No one can refute that one of the hardest working individuals in the Trump Administration is Attorney General Bill Barr.
Where Democrat governors and mayors across the nation have refused to do their jobs, Bill Barr has stepped in to protect law-abiding citizens.
Back in July, Barr launched Operation Legend with the goal of suppressing violent protesters in large cities around the country.
And so far, the operation has been a success!
Fox News reports on Barr’s press conference today where he gave an update on the program:
At least 217 people have been charged with a federal crime, and more than 1,000 arrests have been made in major metropolitan cities since the Department of Justice launched Operation Legend in July, U.S. Attorney General William Barr announced on Wednesday.
Nearly 400 firearms have been seized by the Bureau of Alcohol, Tobacco, Firearms and Explosives.
Barr launched Operation Legend on July 8 as “a sustained, systematic and coordinated law enforcement initiative in which federal law enforcement agencies work in conjunction with state and local law enforcement officials to fight violent crime,” the DOJ said in a release.
It was named in honor of 4-year-old LeGend Taliferro, who was shot and killed while he slept in the early morning of June 29 in Kansas City, Mo. Last week, a Jackson County prosecutor announced second-degree murder charges against his suspected killer, 22-year-old Ryson Ellis, who was being held in Tulsa County Jail.
“LeGend is a symbol of the many hundreds of innocent lives that have been taken in the recent upsurge of crime in many of our urban areas,” Barr said at a press conference in Kansas City. “His life mattered and the lives of all of those victims matter. His name should be remembered and his senseless death, like those of all the other innocent victims in this recent surge, should be unacceptable to all Americans.”
Barr said the federal government has dispatched to nine U.S. cities more than 1,000 additional agents from the FBI, ATF, Drug Enforcement Administration and U.S. Marshals Service to work shoulder to shoulder with state and local partners on homicide and assault squads to crack cases.
The government has also allocated $78.5 million in grants to support additional police positions, hire more prosecutors and improve technology to solve firearms crimes.
“We saw one result of those efforts last week when Kansas City Police arrested the suspected murderer of LeGend,” Barr said. “This arrest will not bring LeGend back but it will make his case an example of how we can come together to take violent criminals off the street and to make our communities safer.”
Barr received an absolute outpouring of support on Twitter for the success of the program:
While you're at it, watch Barr's outstanding press conference right here:
And as if he weren't busy keeping the peace, Bloomberg reports Barr is also tracking US Attorney John Durham's investigation into the Obama Administration's spying on the Trump Campaign in 2016:
Attorney General William Barr is promising more revelations from a probe of the government’s investigation into Russian meddling in 2016, but he may be running out of time.
Barr said last week’s formal charge against a former FBI lawyer is just the first of several “significant” developments he expects to come out before the Nov. 3 presidential election.
But Barr’s critics say Justice Department policy states that he has until about Sept. 4 to make any information public.
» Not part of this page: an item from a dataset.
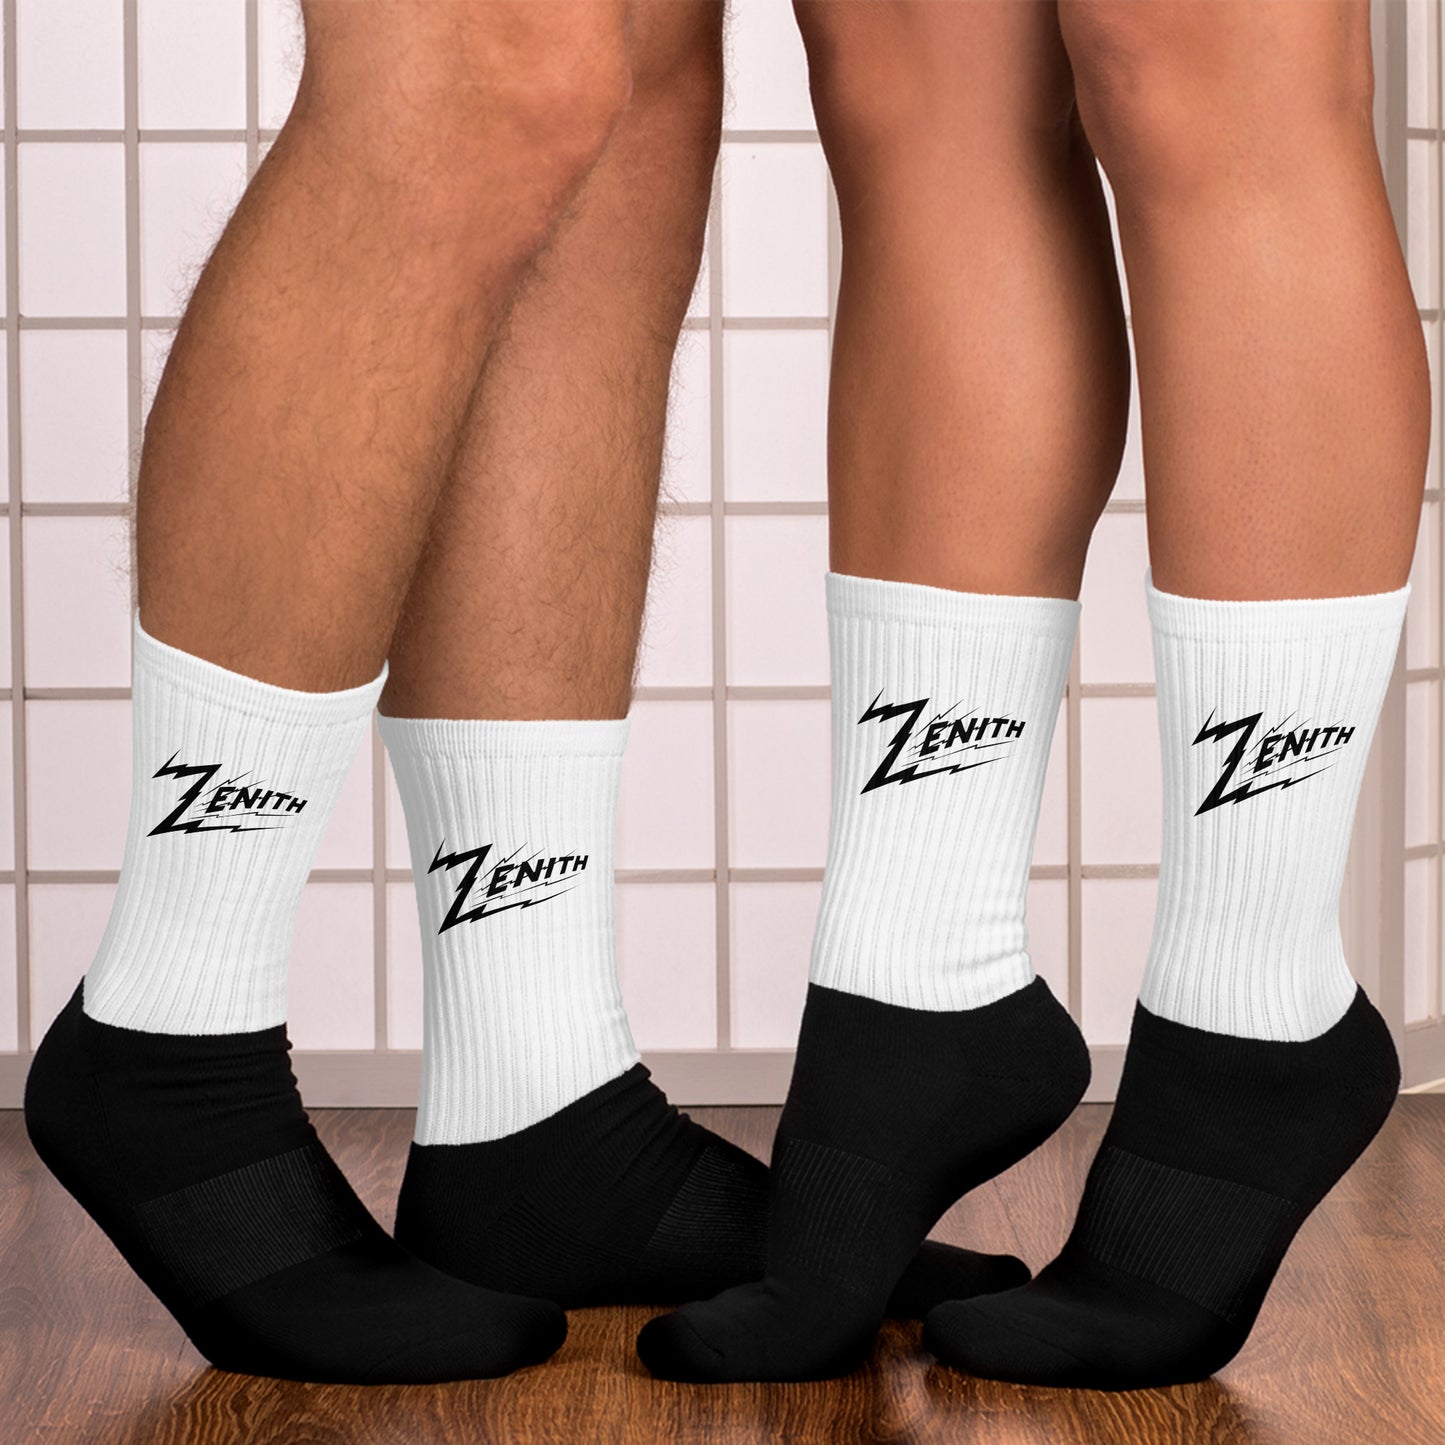 Zenith Socks

The attorney general disagrees, and President Donald Trump -- lagging in the polls -- has made clear he expects his top law enforcement officer to press on.
Long-standing Justice Department guidelines say prosecutors must not take investigative steps or issue criminal charges for the purpose of influencing an election or helping a particular candidate or party when the vote is less than two months away. Then-FBI Director James Comey’s decision to reveal his reopening of a probe into Hillary Clinton days before the 2016 election -- a move seen as aiding Trump -- violated that principle and was widely criticized.“Law enforcement should do its job but not be determining election results,” said Joshua Geltzer, who served in the Justice Department and on the National Security Council during the Obama administration. “All of us are clear on what the spirit and actual intent is of the 60-day rule.”
Barr contends that the probe led by U.S. Attorney John Durham isn’t focused on either candidate, former Vice President Joe Biden or Trump, so the Justice Department deadline isn’t relevant. And he has rejected accusations that he’s trying to influence voting.
“I have said there are going to be developments, significant developments, before the election,” Barr said in an interview last week with Fox News host Sean Hannity. “But we’re not doing this on the election schedule. We’re aware of the election. We’re not going to do anything inappropriate before the election.”